Una persona che vive in Italia da anni, parla italiano, lavora, versa contributi, ha figli inseriti nella scuola e possiede una rete sociale stabile presenta una situazione completamente diversa da quella di chi non ha costruito alcun percorso di inserimento e non dispone più di un titolo giuridico che ne consenta la permanenza.
Una politica migratoria razionale dovrebbe essere capace di riconoscere questa differenza.
L’integrazione riuscita dovrebbe condurre verso una crescente stabilizzazione.
L’integrazione ancora incompleta dovrebbe determinare interventi mirati di formazione, lingua e inserimento lavorativo.
Quando invece non esiste un diritto alla permanenza e non sono presenti condizioni individuali che ne impediscano legittimamente l’allontanamento, il ritorno dovrebbe diventare effettivo.
È questa la logica della ReImmigrazione: non l’espulsione indiscriminata, ma una politica nella quale integrazione e ritorno rappresentano due possibili esiti di percorsi individualmente valutati.
Il modello spagnolo presenta, da questo punto di vista, un elemento che merita attenzione. La regolarizzazione approvata nel 2026 non concede semplicemente un titolo indefinito: l’autorizzazione iniziale ha durata annuale e, alla scadenza, i beneficiari devono passare nelle figure ordinarie previste dalla normativa sull’immigrazione. Il Governo la considera quindi una porta di ingresso verso un successivo percorso di integrazione amministrativa ordinaria.
La vera domanda sarà vedere cosa accadrà dopo.
Quanti dei beneficiari lavoreranno stabilmente? Quanti raggiungeranno autonomia economica? Quanti proseguiranno regolarmente il proprio percorso di soggiorno? Quanti rimarranno fuori dal mercato del lavoro? Quale sarà l’effetto sulla contribuzione sociale e sul lavoro irregolare?
Sono questi i dati che permetteranno di giudicare seriamente la politica spagnola.
Ed è esattamente lo stesso criterio con il quale dovrebbe essere valutato il Decreto Flussi italiano.
Non quanti ingressi sono stati programmati.
Ma quanti di quegli ingressi si sono trasformati in lavoro vero, soggiorno regolare e integrazione.
La contrapposizione tra Spagna e Italia può quindi essere utile se ci costringe a superare una vecchia impostazione.
Non esistono soltanto due alternative: sanatoria oppure nuovi ingressi.
Potrebbe esistere una terza strada.
Prima si misura la popolazione straniera già presente. Si individua chi è già inserito o concretamente inseribile nel mercato del lavoro. Si interviene sulle situazioni di irregolarità che possono essere legalmente ricondotte all’interno dell’ordinamento. Si verifica quali settori continuano ad avere bisogno di manodopera.

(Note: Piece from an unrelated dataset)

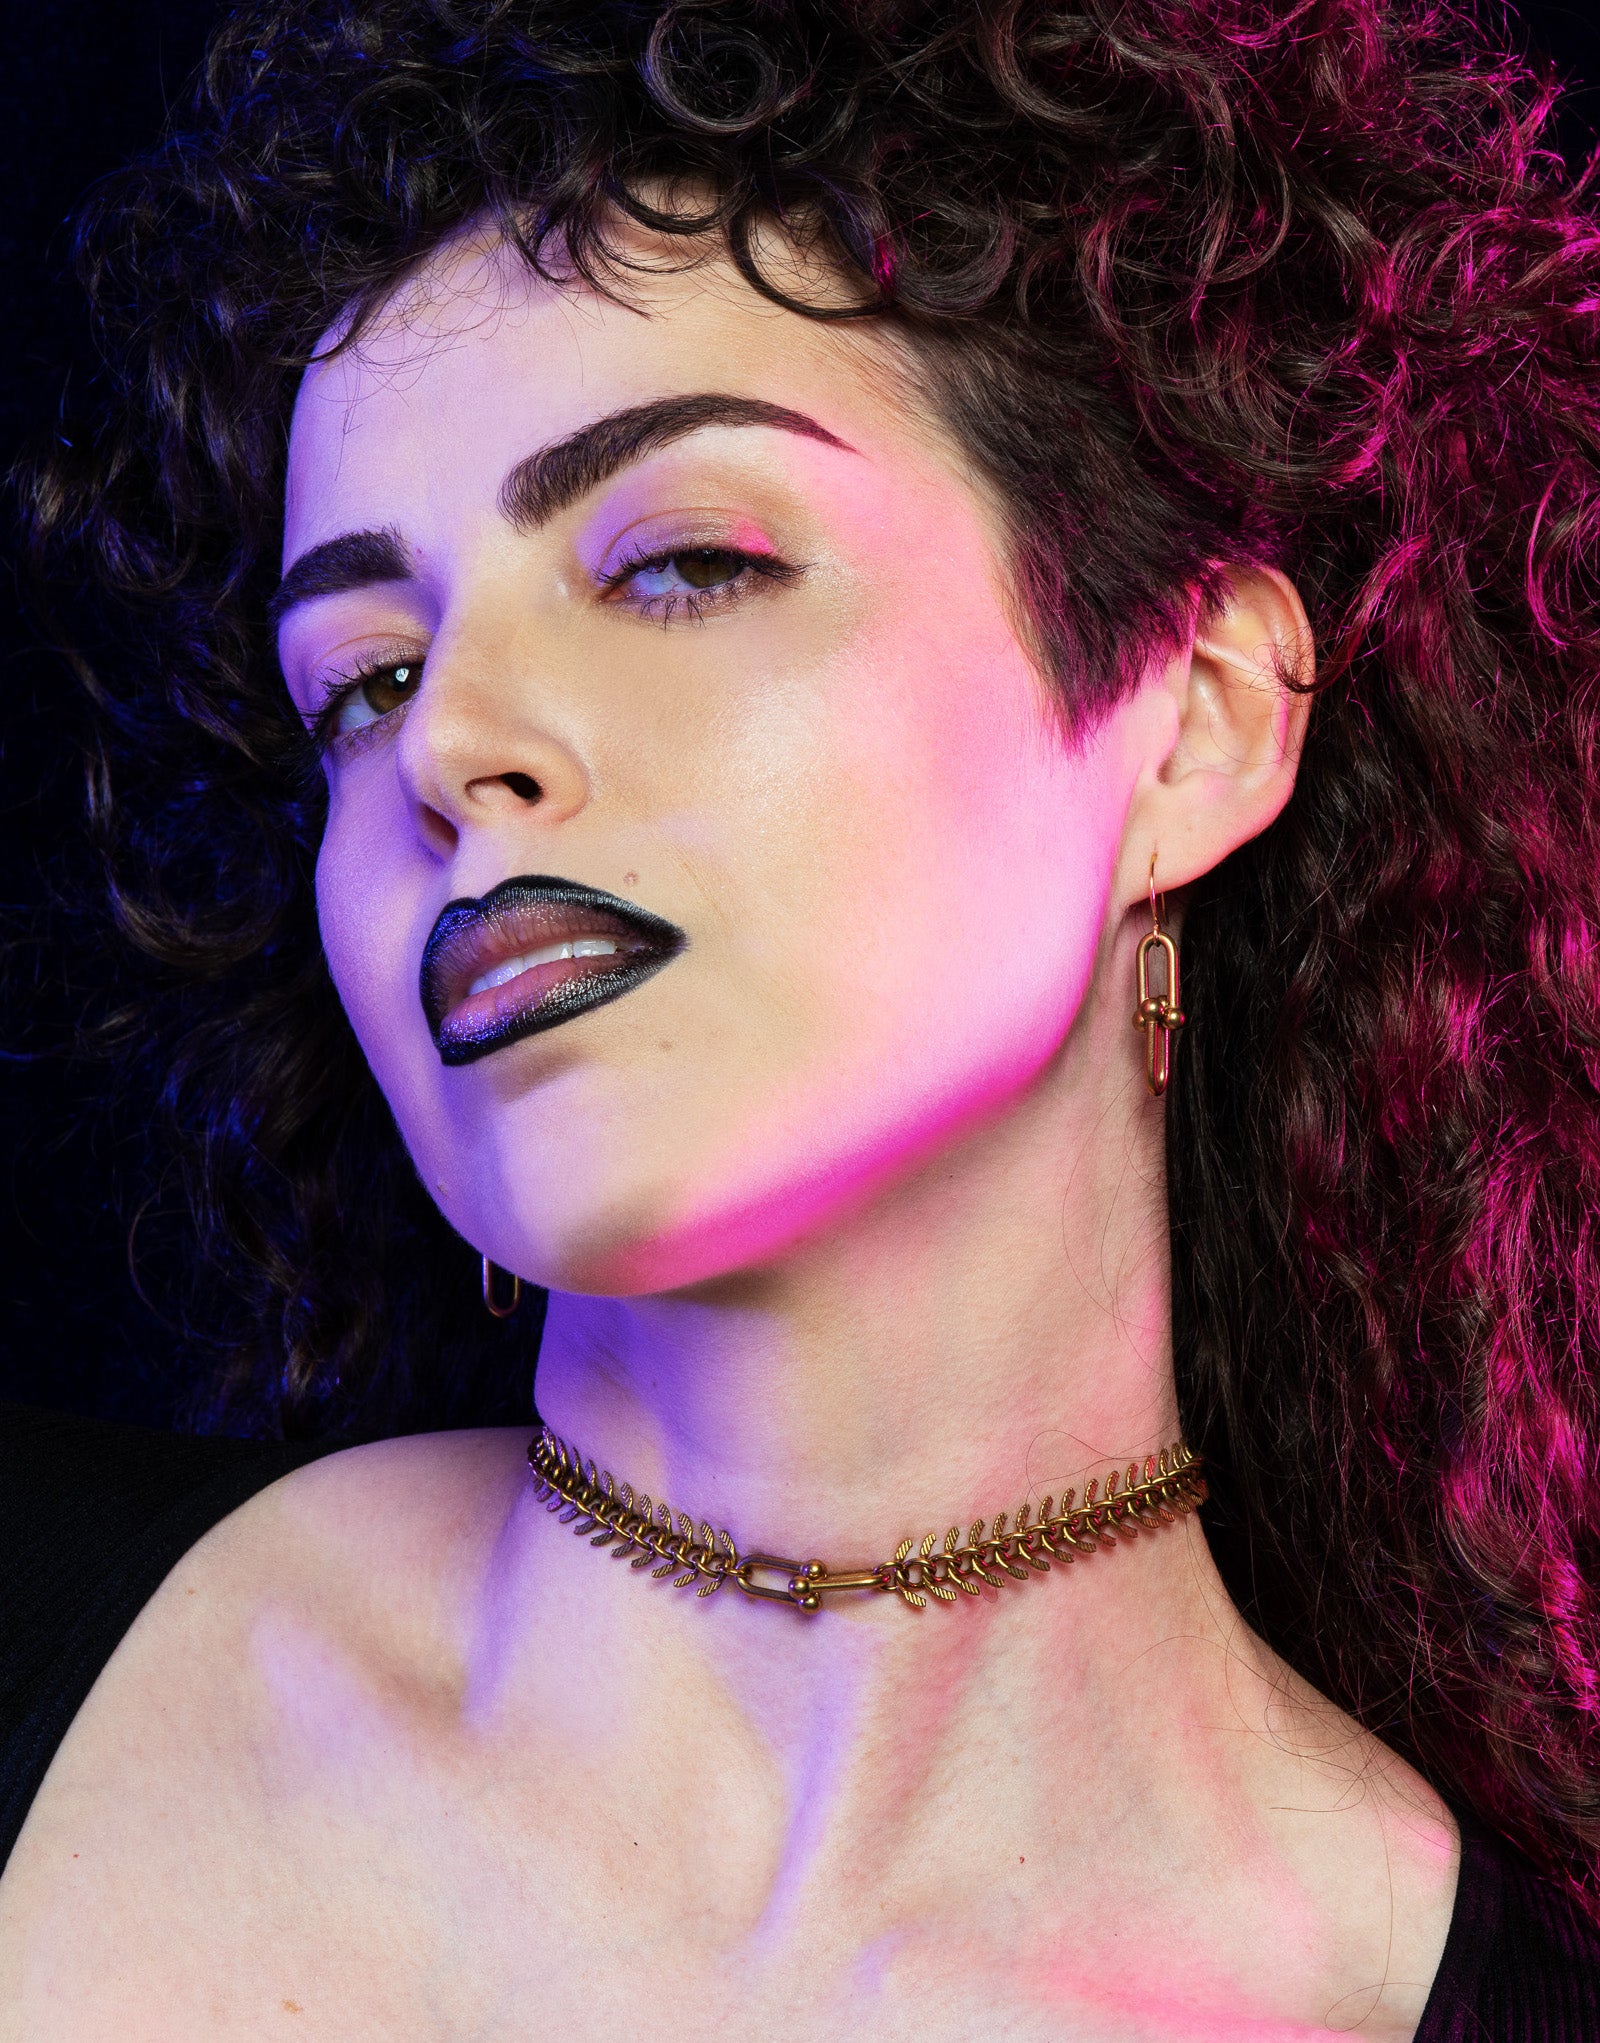 Model wearing fishbone choker with hardware chain link pendant and hardware earrings

E soltanto successivamente si programma l’immigrazione economica dall’estero nella quantità realmente necessaria.
Il principio potrebbe essere sintetizzato in una formula molto semplice:
prima integrare ciò che è già presente, poi importare ciò che realmente manca.
Non significa rinunciare ai nuovi ingressi.

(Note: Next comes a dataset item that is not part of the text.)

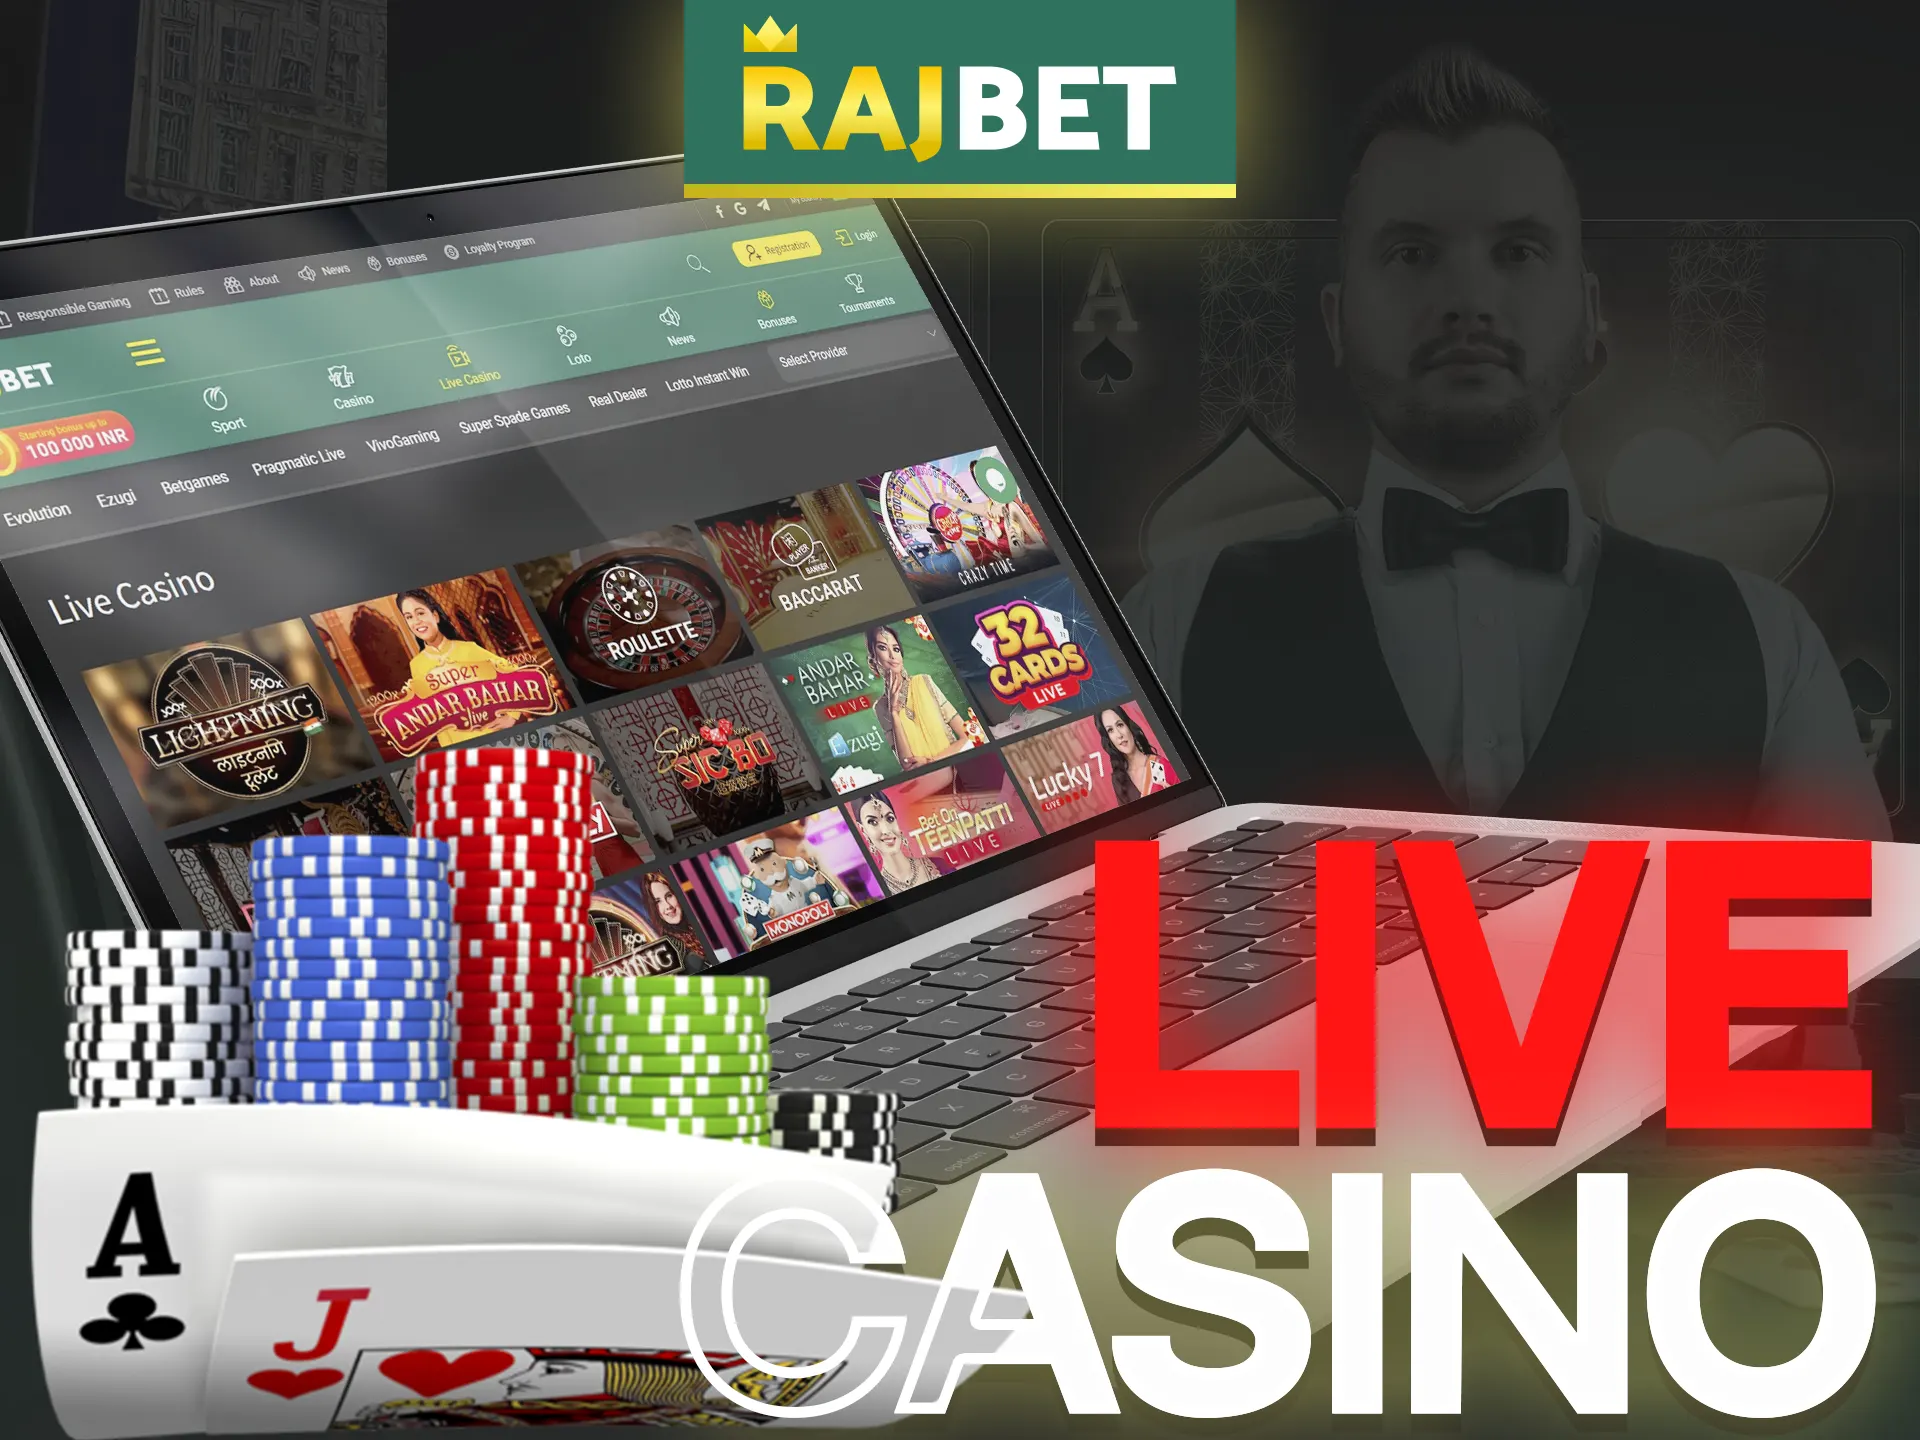 The live casino section will satisfy players of all levels.

Significa programmarli meglio.
E soprattutto significa smettere di considerare la politica migratoria come una semplice amministrazione di numeri.
Quasi mezzo milione di ingressi programmati in Italia e circa mezzo milione di persone interessate dalla regolarizzazione spagnola sembrano due numeri simili.
In realtà rappresentano due concezioni differenti.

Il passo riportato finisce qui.